US 12,361,736 B2
Multi-stage machine learning model training for key-value extraction
Yazhe Hu, Bellevue, WA (US); Jeaff Wang, Sammamish, WA (US); Mengqing Guo, Redmond, WA (US); Tao Sheng, Bellevue, WA (US); and Jun Qian, Bellevue, WA (US)
Filed by Oracle International Corporation, Redwood Shores, CA (US)
Filed on Jan. 4, 2023, as Appl. No. 18/149,795.
Prior Publication US 2024/0221407 A1, Jul. 4, 2024
Int. Cl. G06N 3/08 (2023.01); G06F 40/284 (2020.01); G06F 40/30 (2020.01); G06V 30/14 (2022.01); G06V 30/19 (2022.01)

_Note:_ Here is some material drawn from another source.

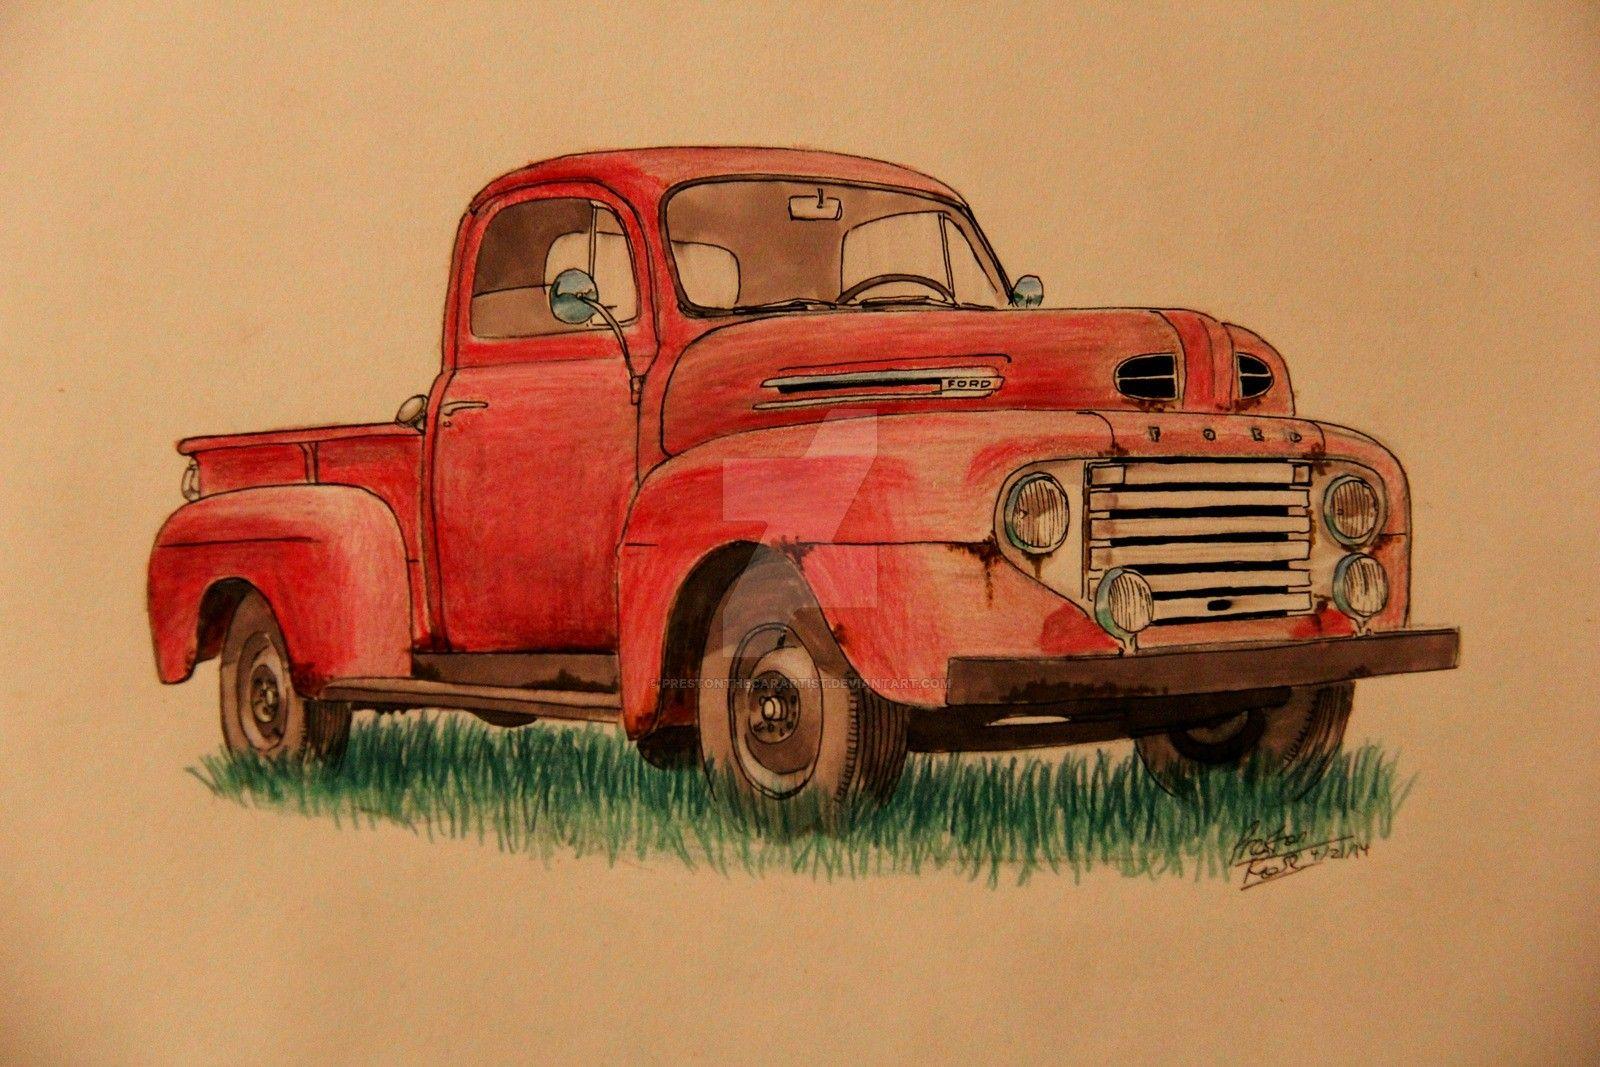 Pin de Jody Kincaid en Country Sketching | Pinterest

CPC G06V 30/19147 (2022.01) [G06F 40/284 (2020.01); G06F 40/30 (2020.01); G06N 3/08 (2013.01); G06V 30/1448 (2022.01)] 20 Claims
OG exemplary drawing
 
20. A system comprising:
one or more processors; and
memory storing instructions that, when executed by the one or more processors, cause the system to perform operations comprising:
executing a first training stage for training a machine learning model to generate first vectors encoding semantic information, and at least one of positional and visual information, of first textual content within documents at least by:
accessing a first plurality of training documents associated with a plurality of document categories, the first plurality of training documents including first textual information, first positional information, and first visual information;
training the machine learning model using the first plurality of training documents associated with the plurality of document categories to generate the first vectors encoding the semantic information, and the at least one of the positional and the visual information based on the first textual information, and at least one of the first positional information and the first visual information;
wherein the first training stage generates a first set of parameters for application of the machine learning model;
executing a second training stage for customizing the machine learning model to (a) generate second vectors to encode semantic information, and at least one of positional information and visual information of second textual content within documents of a particular document category and (b) extract key-value pairs at least by:
accessing a second plurality of training documents associated with the particular document category, the second plurality of training documents being tagged with key-value pairs and including second textual information, second positional information, and second visual information;
training the machine learning model using the second plurality of training documents associated with the particular document category to identify key-value pairs based at least in part on vector encodings of the second textual content that encode semantic relationships, and at least one of positional and visual relationships, between components of the key-value pairs,
wherein training the machine learning model using the second plurality of training documents results in a trained machine learning model, and
wherein the second training stage fine-tunes the first set of parameters to generate a second set of parameters for application of the machine learning model; and
applying the trained machine learning model with the second set of parameters to a first document of the particular document category to extract a first plurality of key-value pairs from the first document.